Medical Expense Reimbursement Plans (MERPs), such as Health Reimbursement Arrangements, and Healthcare Reimbursement Plans, are defined as self-insured group health plans. As such, MERPs are required to follow group health plan non-discrimination rules.
This article outlines the non-discrimination rules and how they related to MERPs.
Generally speaking, non-discrimination rules state that all similarly situated employees be treated equally and that companies must not discriminate in favor of “highly-compensated individuals” (HCIs).
Non-discrimination rules most commonly come into question when businesses would like to provide different benefits to different types (“groups”) of employees.
For example, a business may want to offer a Healthcare Reimbursement Plan to all full-time managers, but not to associates. Or, a business may want to offer different reimbursement amounts to different types of employees, such as $400/month to sales associates and $250/month to administrative associates.
Can businesses do this? Yes. However, businesses should take care (and work with a trusted broker or benefits provider) to ensure their plans pass non-discrimination testing.
To understand these rules further, let’s review the three main non-discrimination requirements that apply to group health plans, including MERPs.
1. IRS Non-Discrimination Rules
IRS rules state a plan must not discriminate in favor of highly-compensated individuals (HCIs) with respect to eligibility to participate in the plan or benefits provided under the plan.
If the plan is found to favor certain key employees or HCIs, the plan may be considered discriminatory.
Tips for MERPs:
- Design employee groups based on bona-fide job criteria and ensure all employees in the same group are treated equally.
- Do not have groups made up primarily of HCIs.
- Explicitly specify the basis on which discrimination testing will occur in the plan document.
For a detailed discussion of reimbursement plans and HCIs, click here.
2. ERISA Non-Discrimination Rules
Under Employee Retirement Income Security Act (ERISA), businesses are generally free to set the eligibility rules for their group health plans, as long as employees are provided sufficient notice of the rules and the rules do not unlawfully discriminate against certain employees.

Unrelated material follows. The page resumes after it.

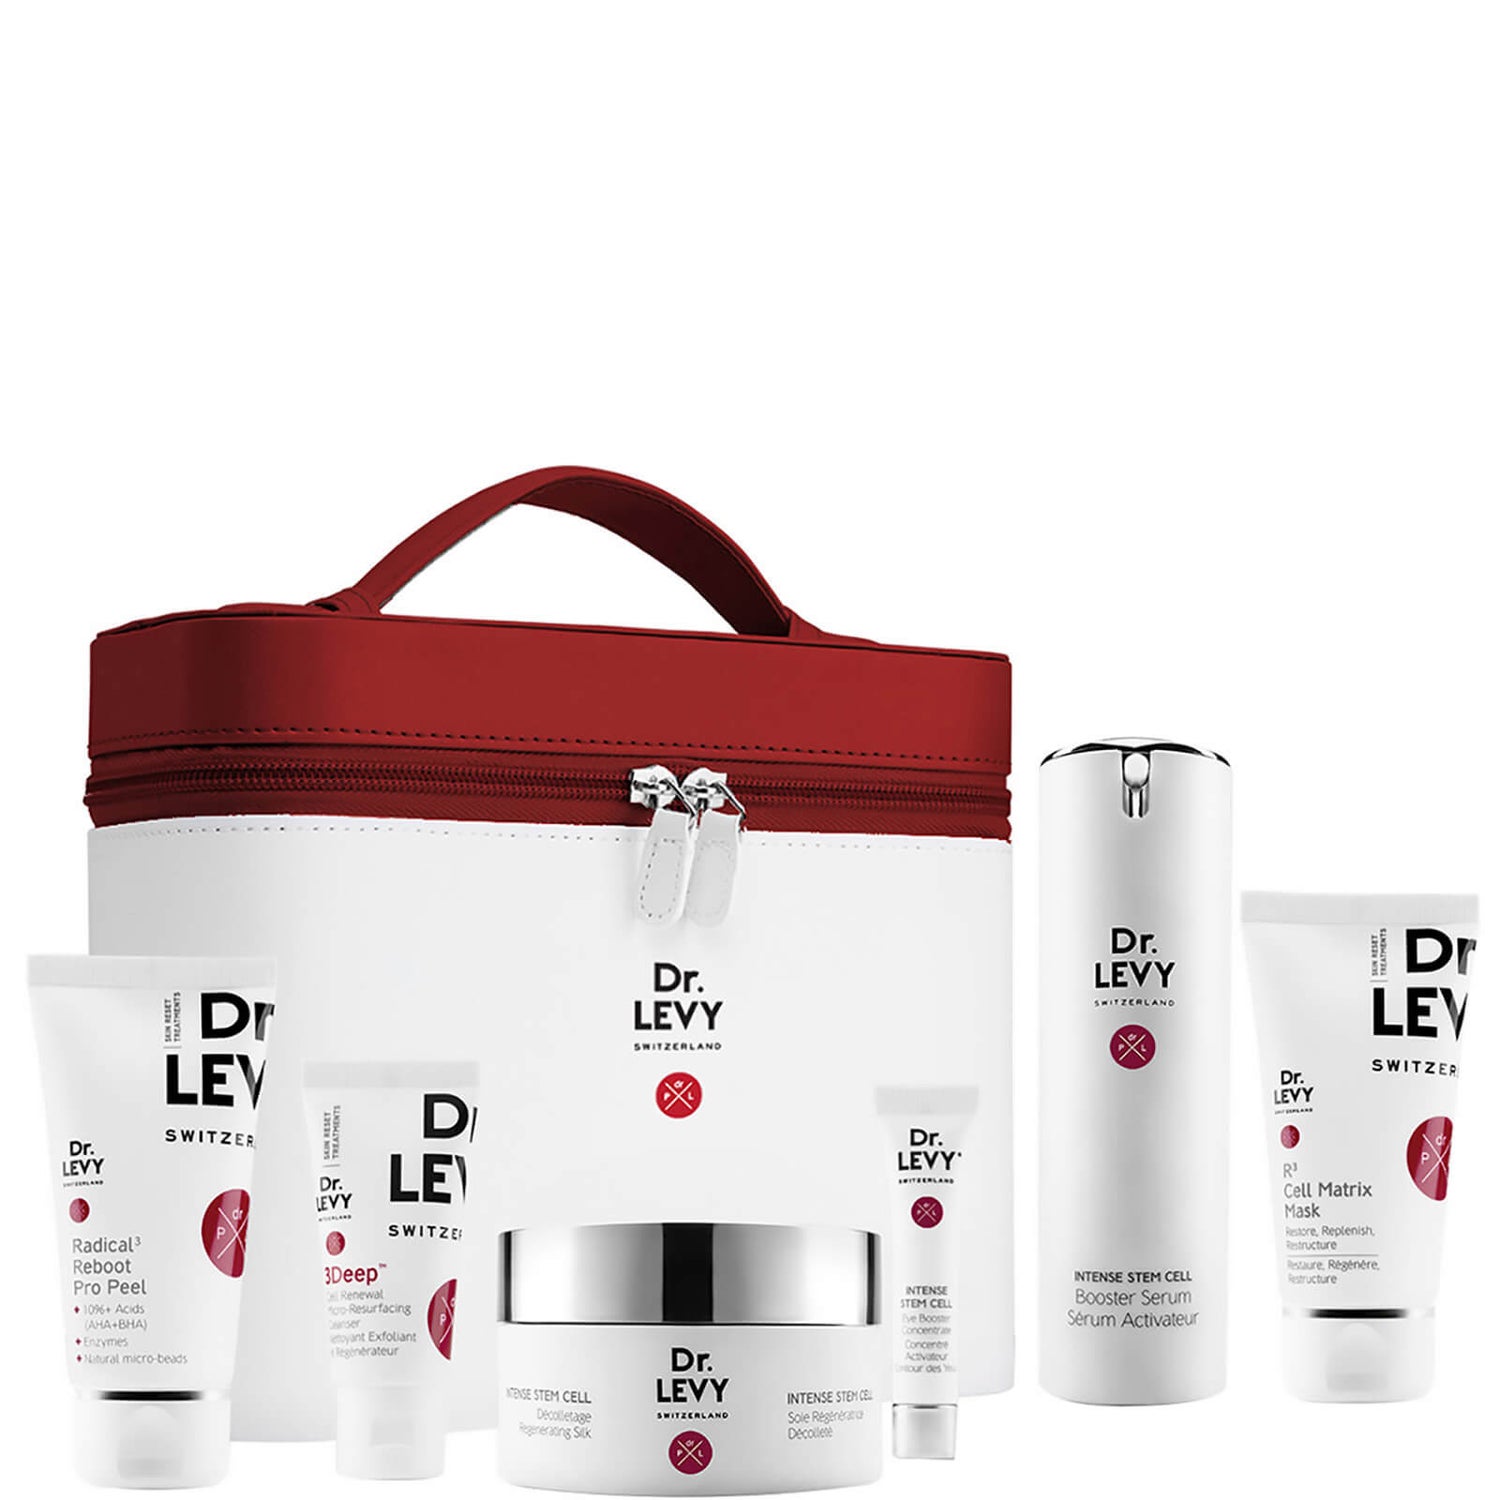 Dr. LEVY Switzerland The Ultimate Stem Cell Spring Homecure

Additionally, ERISA states distinctions among groups of similarly situated participants must be based on bona-fide employment-based classifications consistent with the company's usual business practice.
There is, however, one important exception. Under HIPAA an individual cannot be denied eligibility for the benefit or charged more for coverage because of any health factor.
Tips for MERPs:
- As discussed previously, design employee groups based on bona-fide job criteria and ensure all employees in the same group are treated equally.
- Do not base eligibility on any health factor, including disability.
3. Employment Non-Discrimination Laws
Federal employment law prohibits covered businesses from discriminating with respect to benefits and other privileges of employment, based on race, sex, disability, national origin, genetic information, region, or age.
Tips for MERPs:
- Ensure all similarly-situated employees are treated the same.
- Do not design employee groups based on age, race, etc.
- Understand state employment laws, which may have different or additional requirements.
With Medical Expense Reimbursement Plans, it is common to use employee groups to offer different benefits to different types of employees. This practice is allowed, so long as businesses design the benefit and employee groups to meet non-discrimination testing.
To comply with IRS, ERISA, and employment law guidelines, businesses should design employee groups based on bona-fide job criteria, ensure all employees in the same group are treated equally, and work with a trusted advisor or benefits company to ensure plan design compliance.